Document toolboxDocument toolbox

Content Repository for the Platform

OBSOLETE

Can an off-the-shelf content repository (CR) provide the functionality needed for the back end of Synapse?

Such a CR would require the following features:

- CRUD on objects

- create universal IDs for objects

- Custom meta-data on objects, with either (1) composite keys (attributes), and/or (2) multiple values per attribute

- versioning of objects

- fine grained authorization/security (would need to know how users and groups are represented)

- meta data for users and groups

- querying (paginated, sorted, and filtering results based on authorization); unstructured as well as structured queries

- support open-source database, e.g.

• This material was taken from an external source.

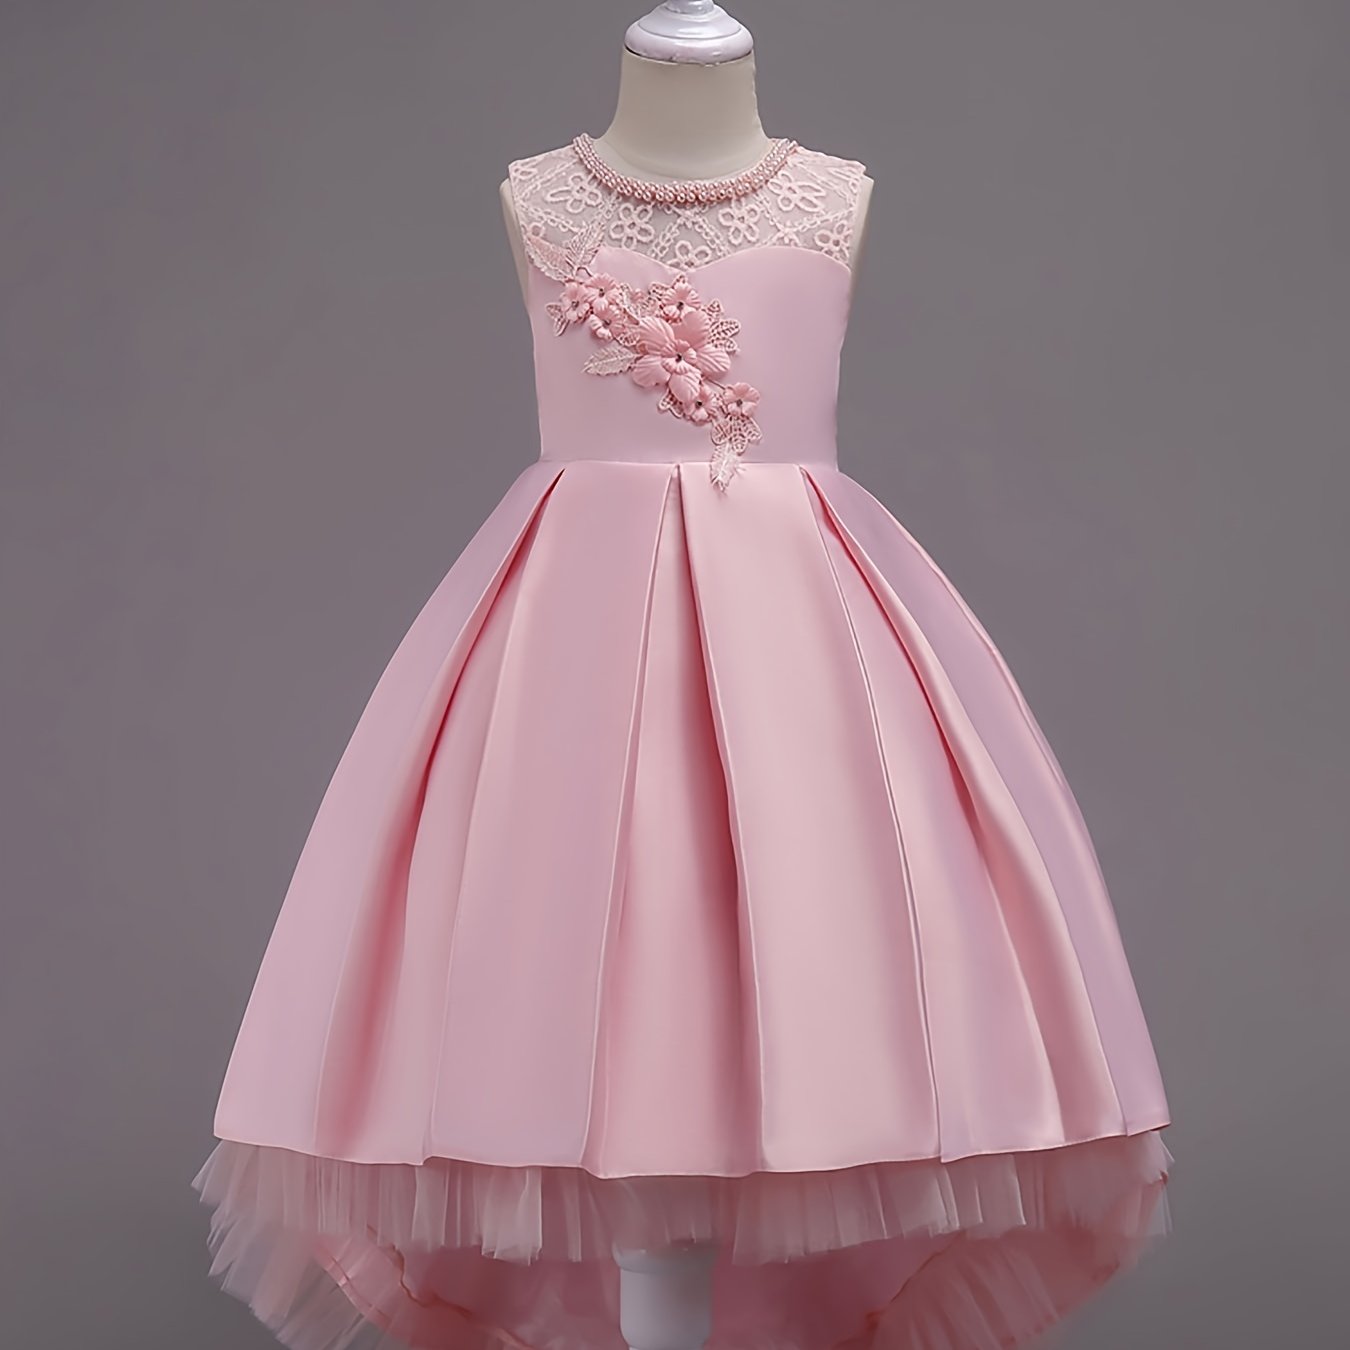 Cute Elegant Stitching Mesh Princess Dress with Flower Embroidery

MySQL

- integrate with our authentication mechanism

- support concurrent access by users

Nice to have:

- automatic indexing for search

Evaluation of Jackrabbit/Java Content Respository:

Answers to requirements above:

YES - CRUD on objects

YES, for "referenceable" nodes - create universal IDs for objects

YES, multiple values are allowed - Custom meta-data on objects, with either (1) composite keys (attributes), and/or (2) multiple values per attribute

YES - versioning of objects

MAYBE (Bruce thought he saw it was, but Dave found a comment to the contrary) - fine grained authorization/security (would need to know how users and groups are represented)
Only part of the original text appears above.